Now, several hundred miles south of the Aleutian Islands, the fleet commander issues a series of orders to chart a southern course. As the ships begin to move in the new direction, the slower-moving tankers break off from the fleet. The rest accelerate, going from twenty knots to twenty-four knots, a speed that provides momentum suitable for aircraft to launch from carrier decks.
At 6:05 a.m., a green light is waved on the deck of the flagship carrier. It's a signal to launch. One by one, engines roar and warplanes speed across the runway, rising into the dark morning air above the ocean waters. The other carriers simultaneously launch planes of their own.
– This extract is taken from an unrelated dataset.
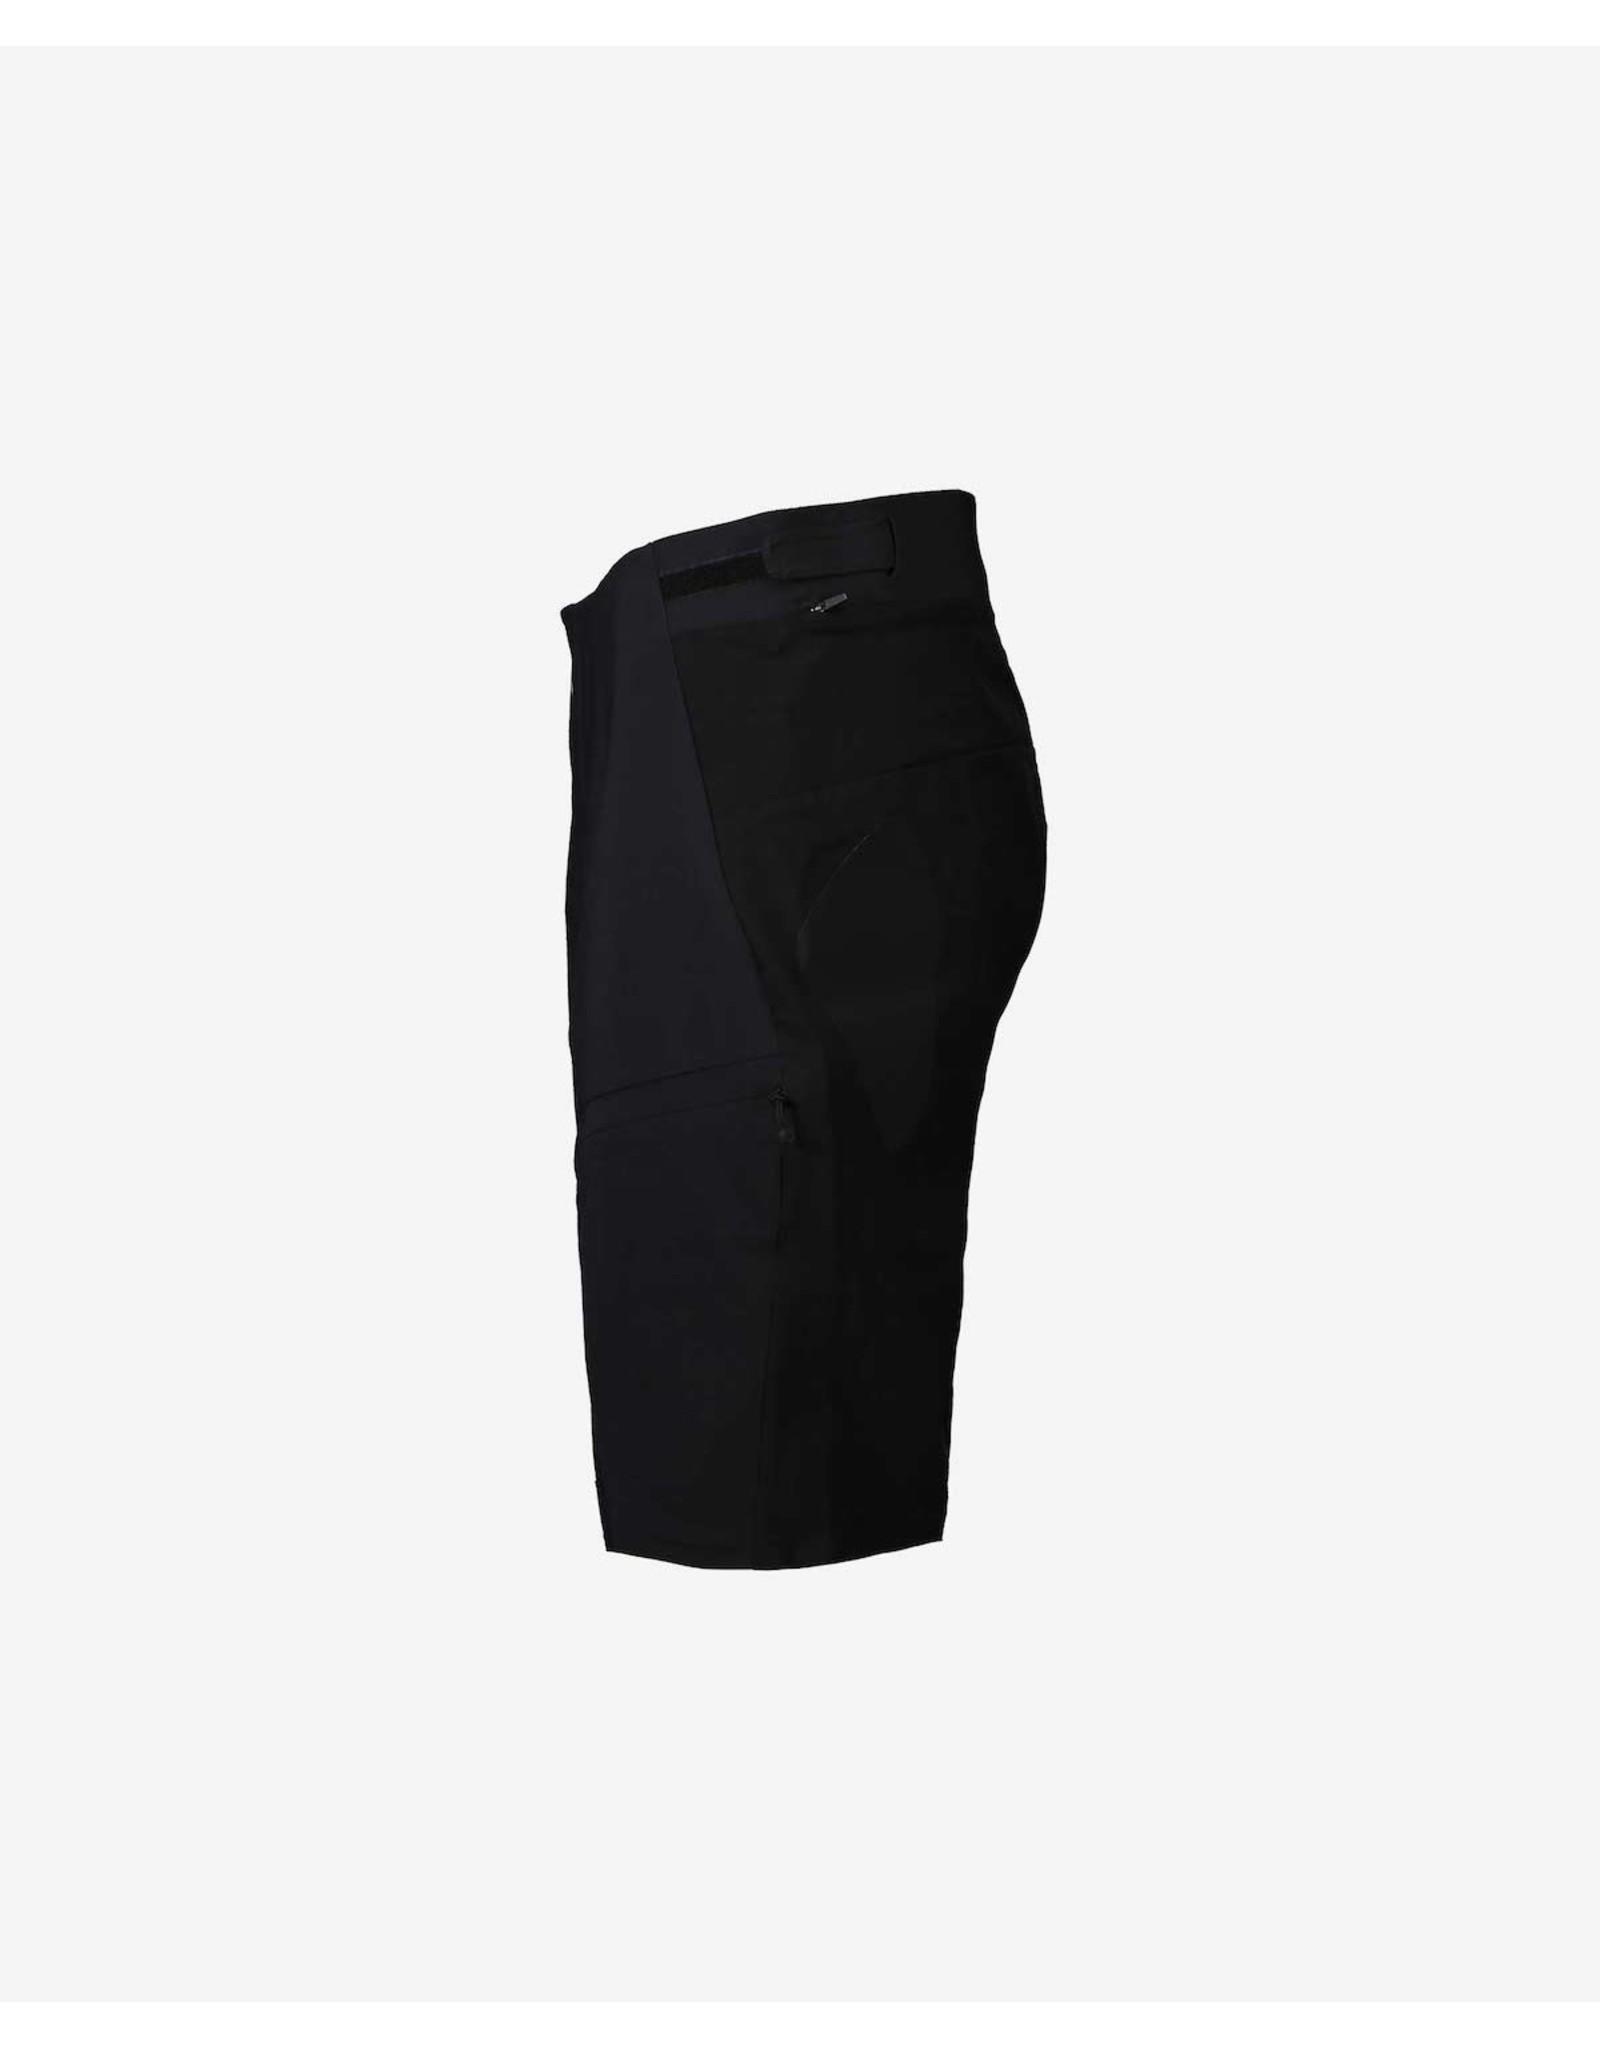 resistance ultra shorts

The aircraft circle above the fleet and begin to maneuver. A total of 183 planes are soon flying south in battle formation, leaving the ships behind.
A reconnaissance plane shoots ahead of the others, disappearing in the clouds. The pilot's job is to scout the sea and air ahead, tuning into nearby radio frequencies to see if there's any indication that either the planes or carriers have been detected.
Ninety minutes later, at roughly 7:40 a.m., the lead pilots can see a sliver of land in the distance. They send a signal to the others: The air fleet remains undetected. Visibility is strong. The coast is clear. Time to attack.
The target? A small island of less than six hundred square miles. It's a place they're not at war with—yet the Japanese air fleet commanders are about to unleash the full destructive power of their fighter planes, bombers, torpedo planes, and dive-bombers.
This is a surprise attack, a preemptive strike intended to inflict maximum shock and devastation.
Within the next two hours, the world will change.